If he hurried, he could run up the mountain, check out the Ludlow estate for more clues, and be back in time for his meeting. “Monte, thank you. But I need to go. I appreciate you coming down.” He grabbed his phone. His keys.

“Call if you find out anything,” Monte said, following Tim out the door.

“I will. I will. You’ve been a big help.” Tim knocked on David’s door as he passed his office. “David, I’ll see you at the meeting. Call my cell if you need me.”

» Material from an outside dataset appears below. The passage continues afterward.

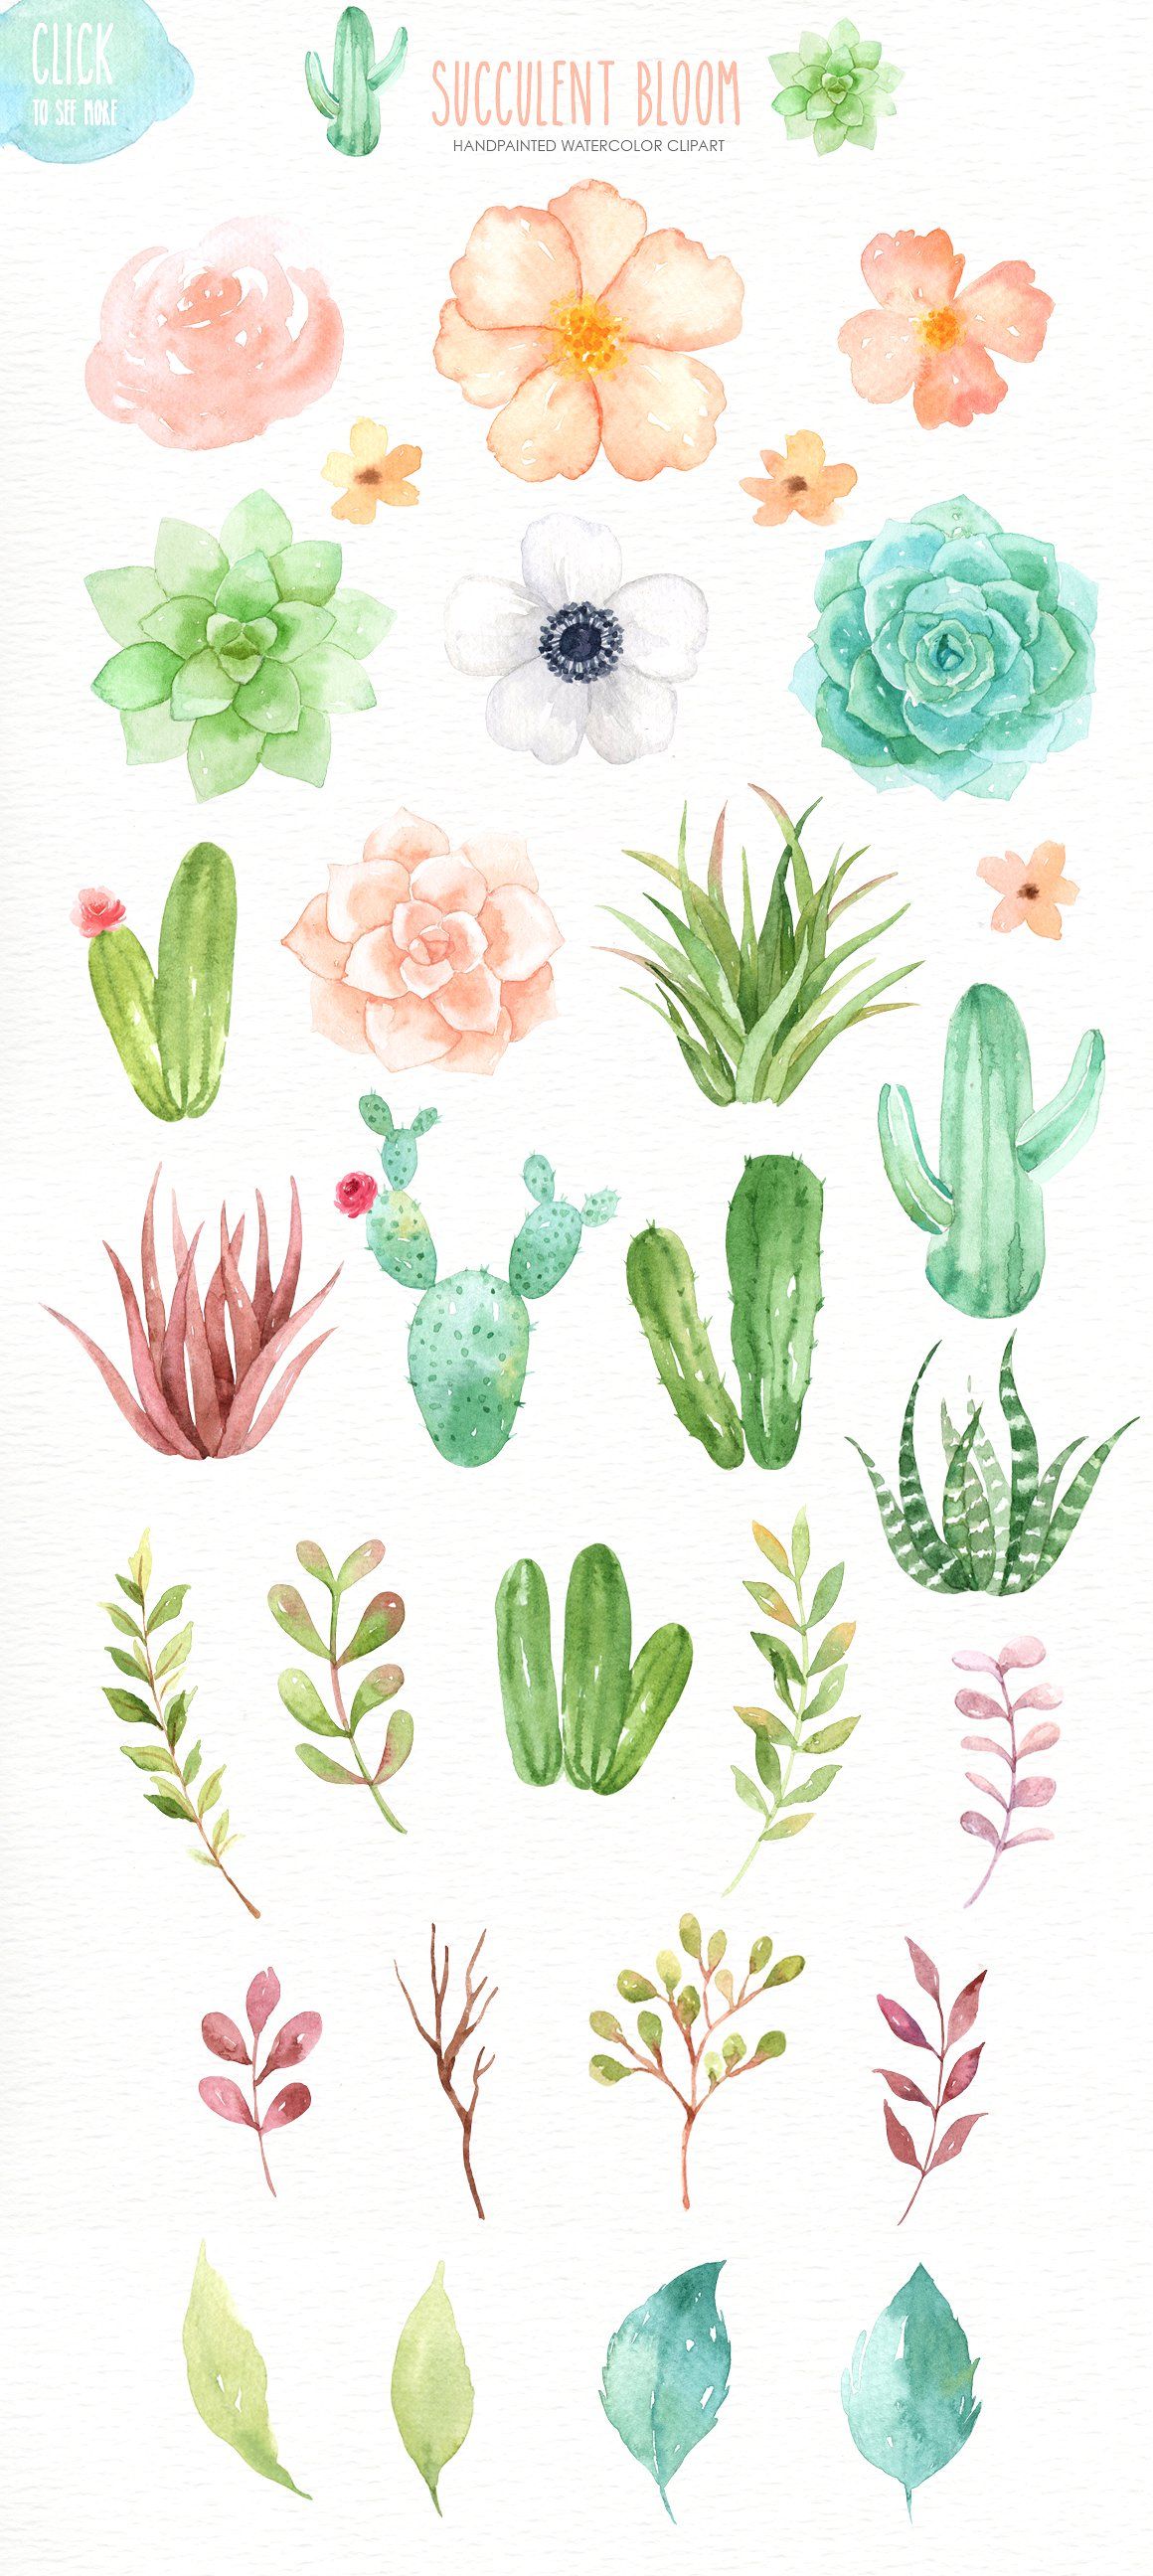 Download Succulent clipart easy watercolor, Succulent easy ...

“Tim, where are you going? Did you go over the slides?”

“Yeah, no, but I will. See you at the meeting.” Tim punched the elevator button, cutting a side glance to Monte, who was holding down a big grin. “So, what’s so funny?”

“You,” he said. “And pretty much all young men in love.”

“Love? I’m just trying to help a friend.” Tim stepped onto the elevator with Monte.

“Help a friend?” Monte punched the first-floor button. “That’s what you kids are calling it these days? In my day, it was called love. Heart-thwapping love.”

 

Emily
Mother set a beautiful Christmas table, with ivory china and hand-cut crystal and her own mother’s silverware, buffed and polished to mirrored perfection.

The creamy linen threads of the tablecloth hosted the lamplight and the glow of the candles. On the crimson table runner, she’d placed crisp, fragrant fir boughs.